(BRIEF): All that is needed is the line containing "Villa Doro Italian" and the lines after it to the end of the material, written out exactly, pictures left aside.

** Opening AVAILABLE DATA block **

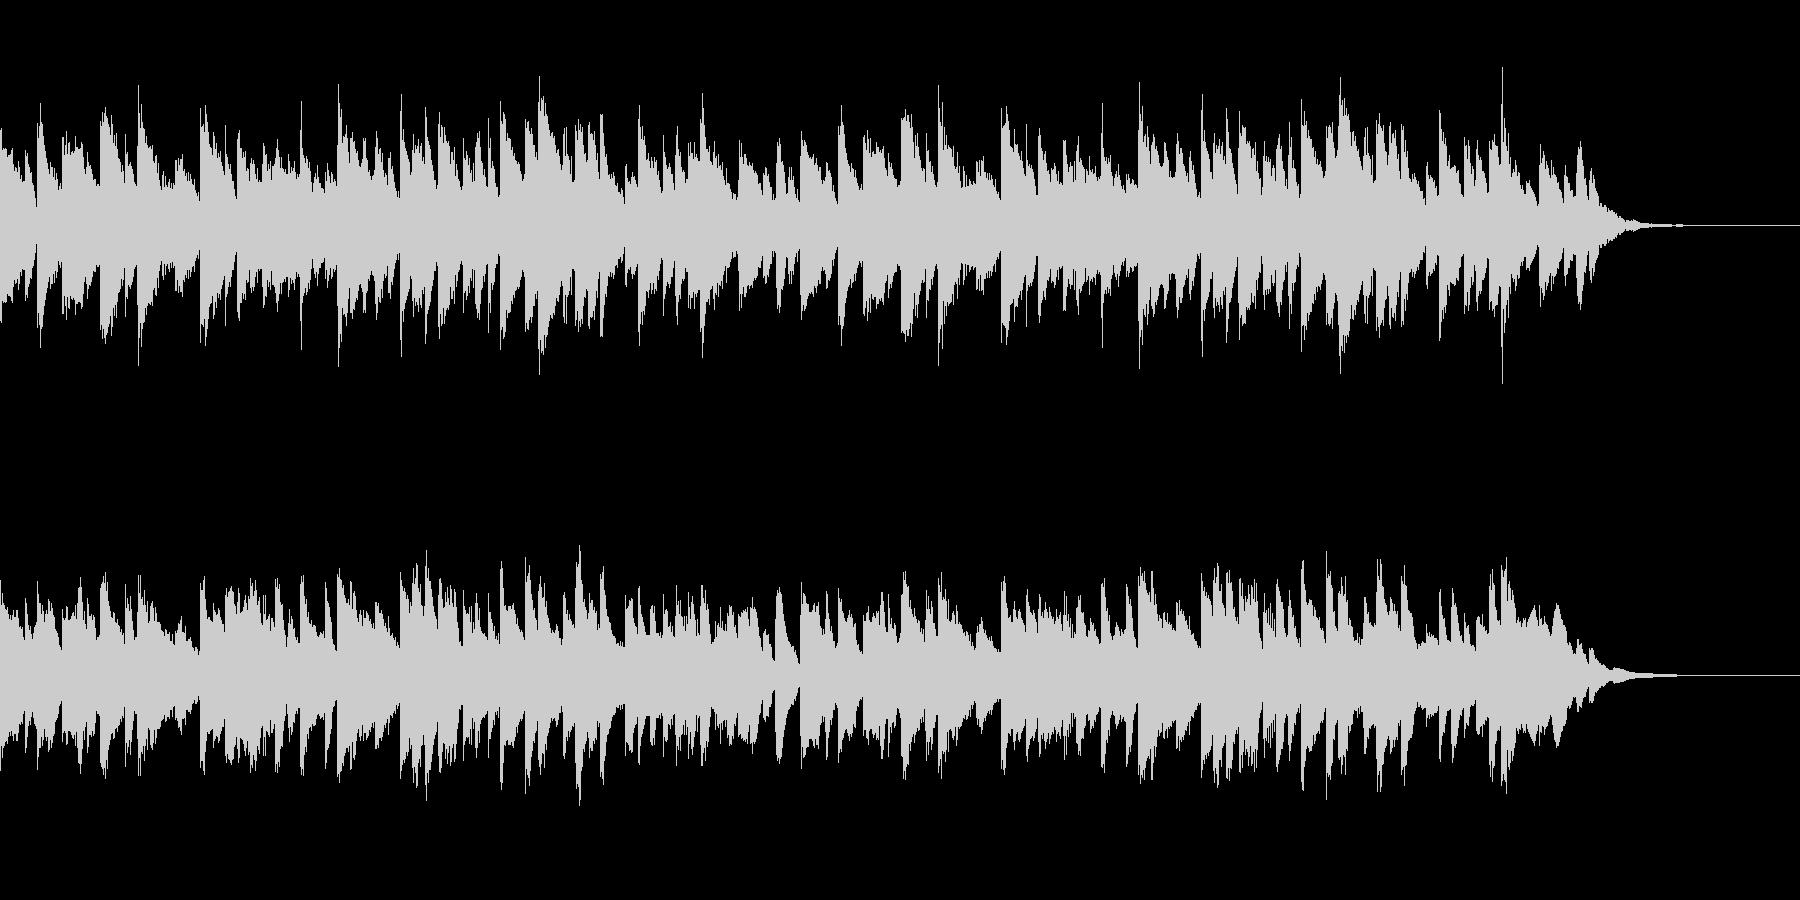 日常的なほのぼのコミカル曲の未再生の波形
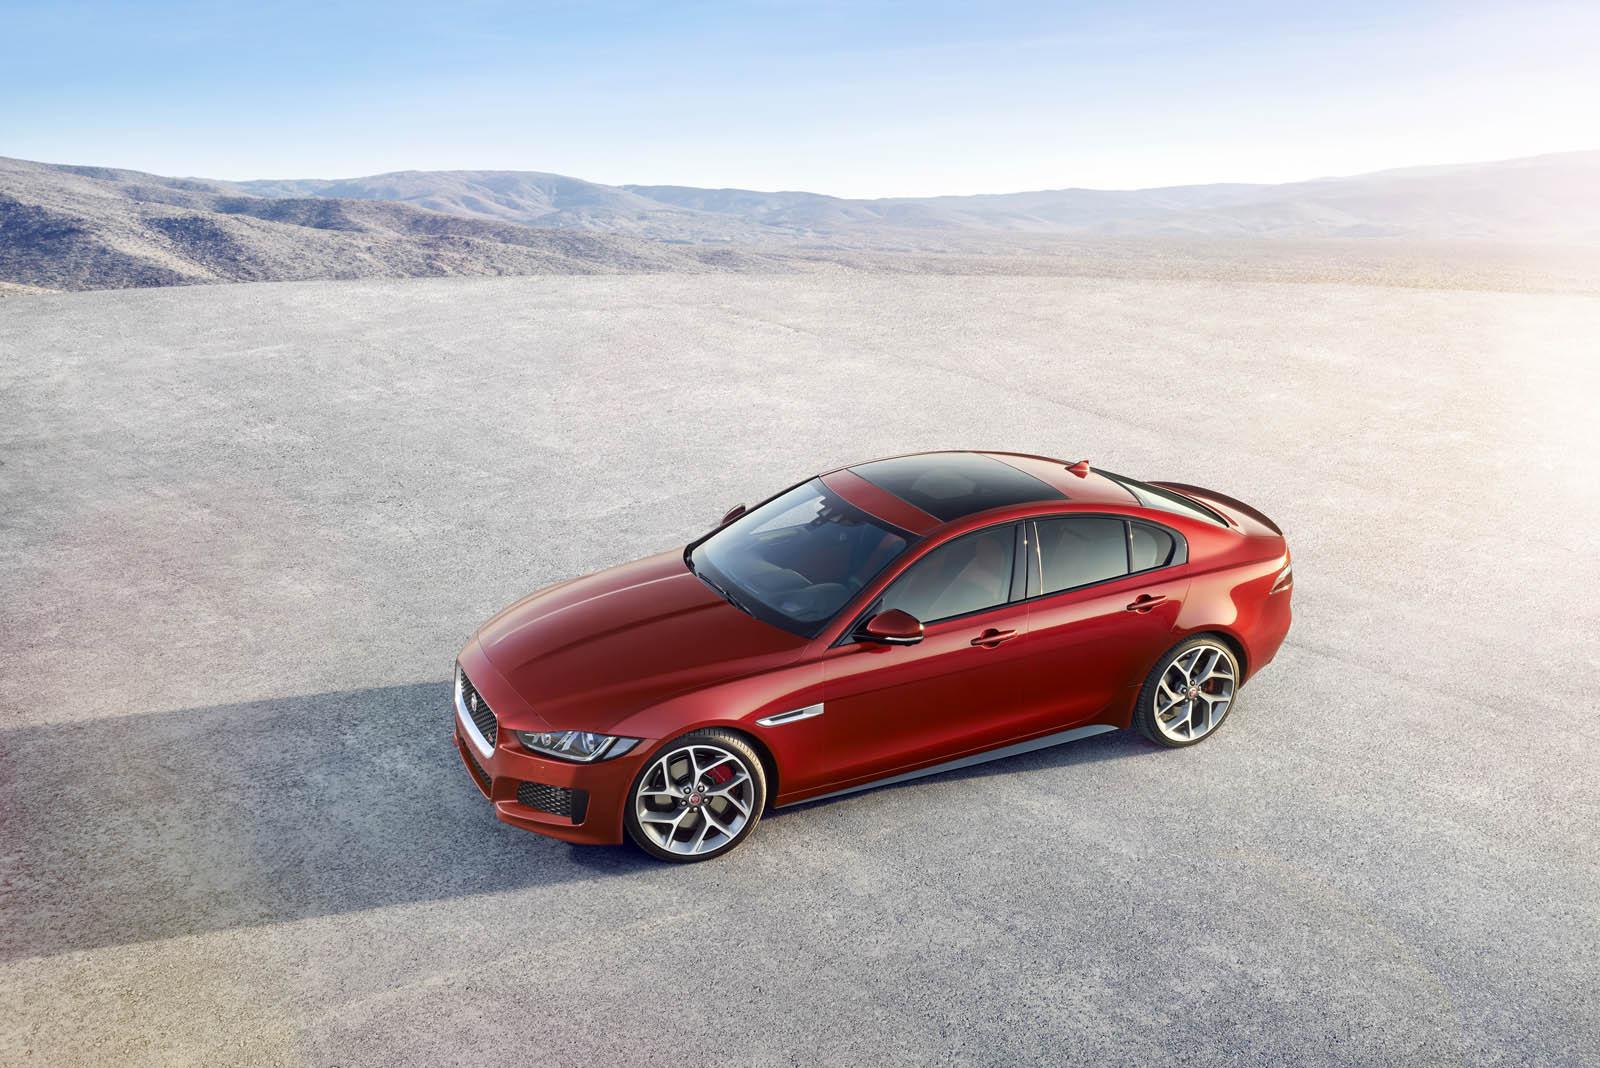 Nouvelle Jaguar XE (2015) : présentation officielle - French Driver
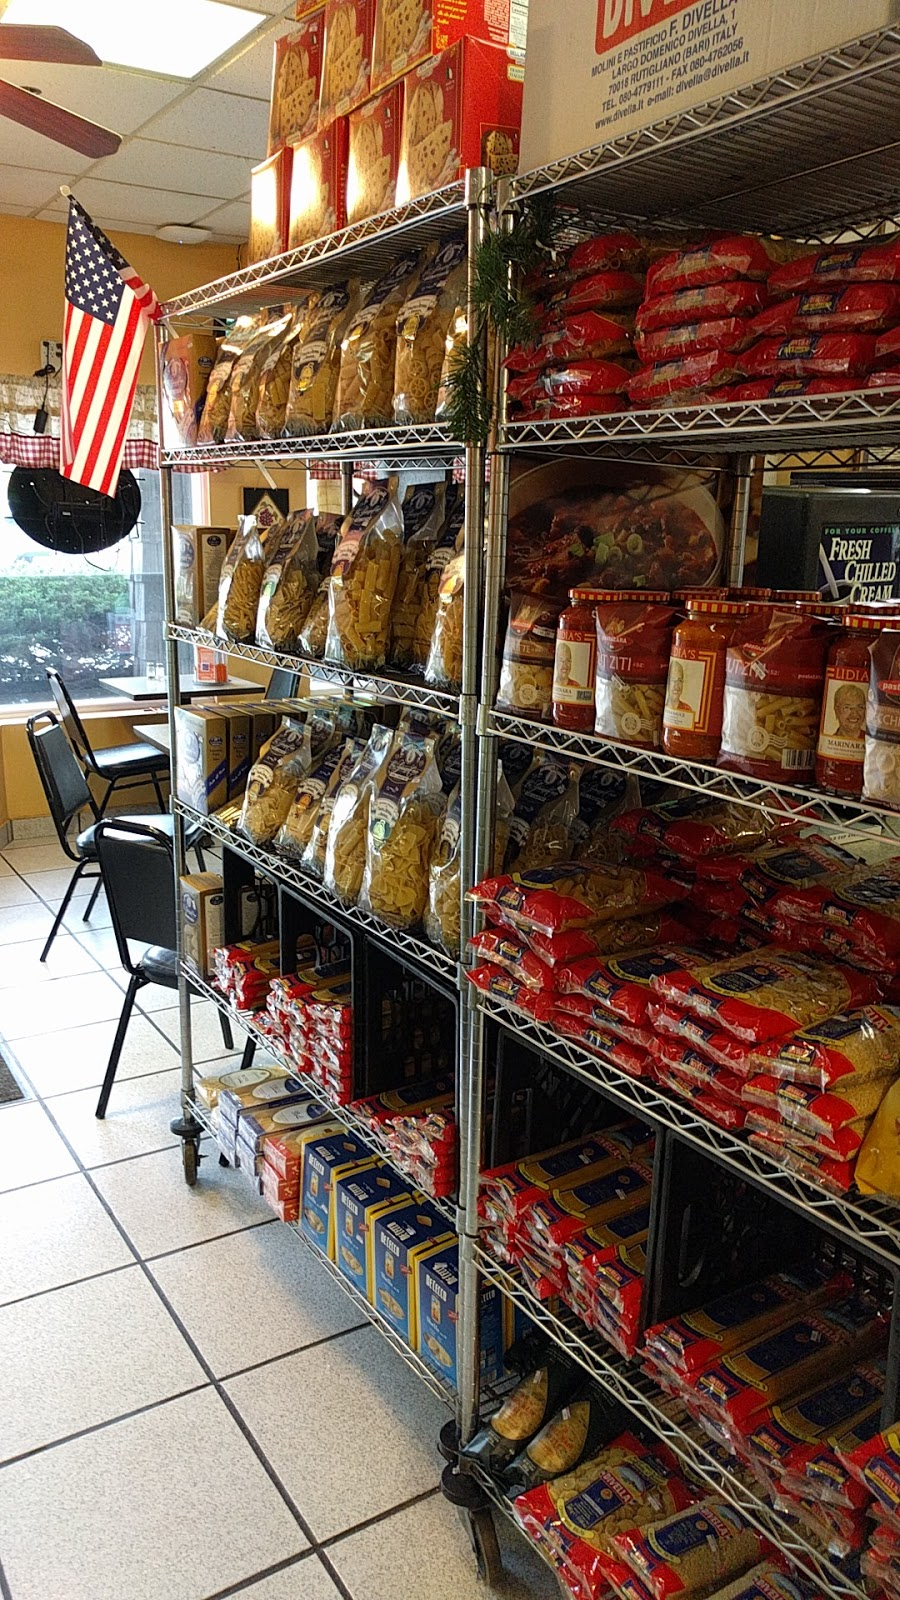 Villa Doro Italian Deli and Bakery - bakery  | Photo 2 of 5 | Address: 24 Old Albany Post Rd, Croton-On-Hudson, NY 10520, USA | Phone: (914) 862-0684
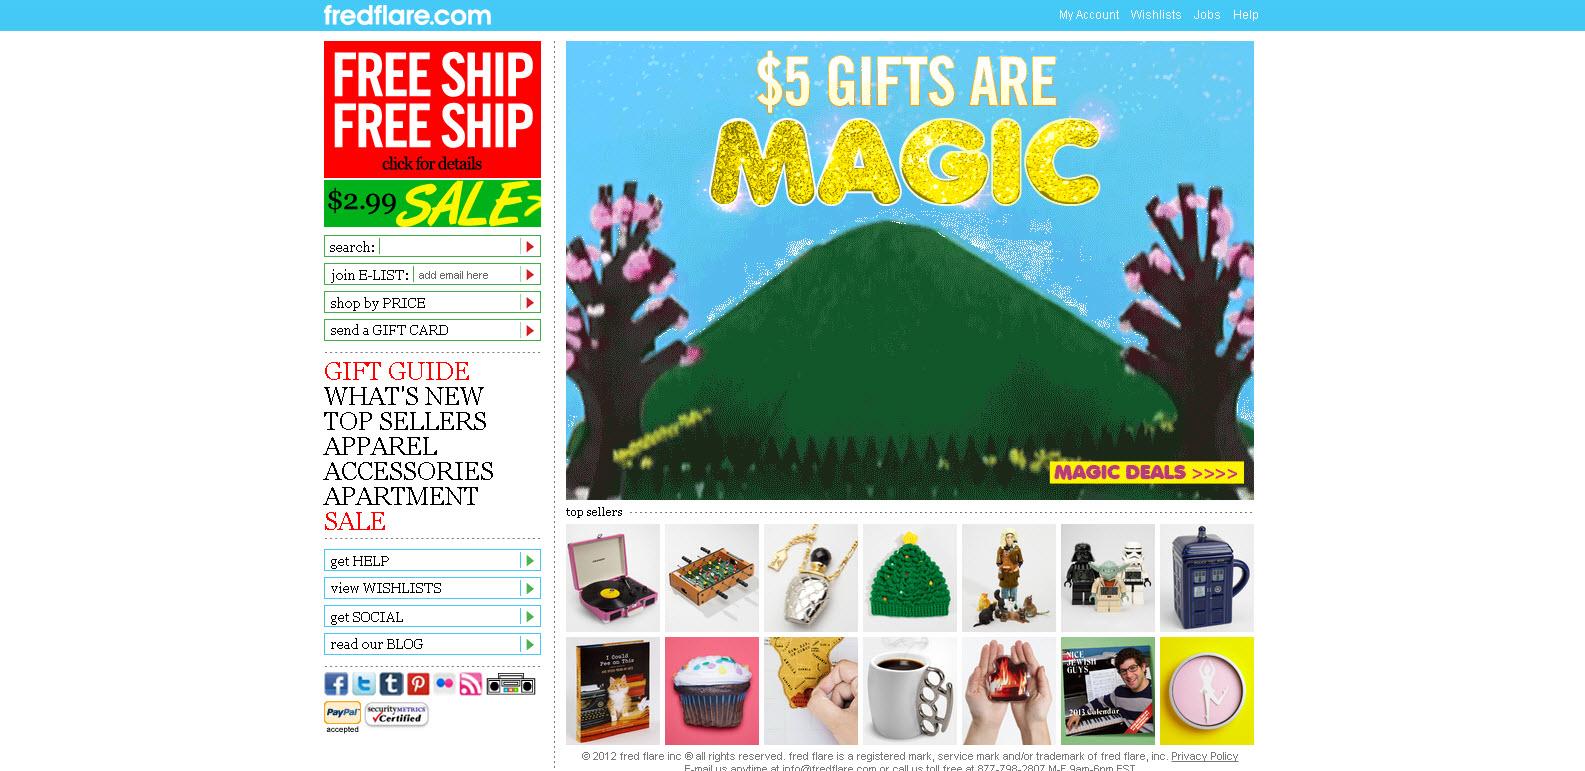 FredFlare.com - Cadeaux et Objets Uniques

** Closing AVAILABLE DATA block **

(RESPONSE AREA):
 Villa Doro Italian Deli and Bakery - bakery  | Photo 2 of 5 | Address: 24 Old Albany Post Rd, Croton-On-Hudson, NY 10520, USA | Phone: (914) 862-0684
 FredFlare.com - Cadeaux et Objets Uniques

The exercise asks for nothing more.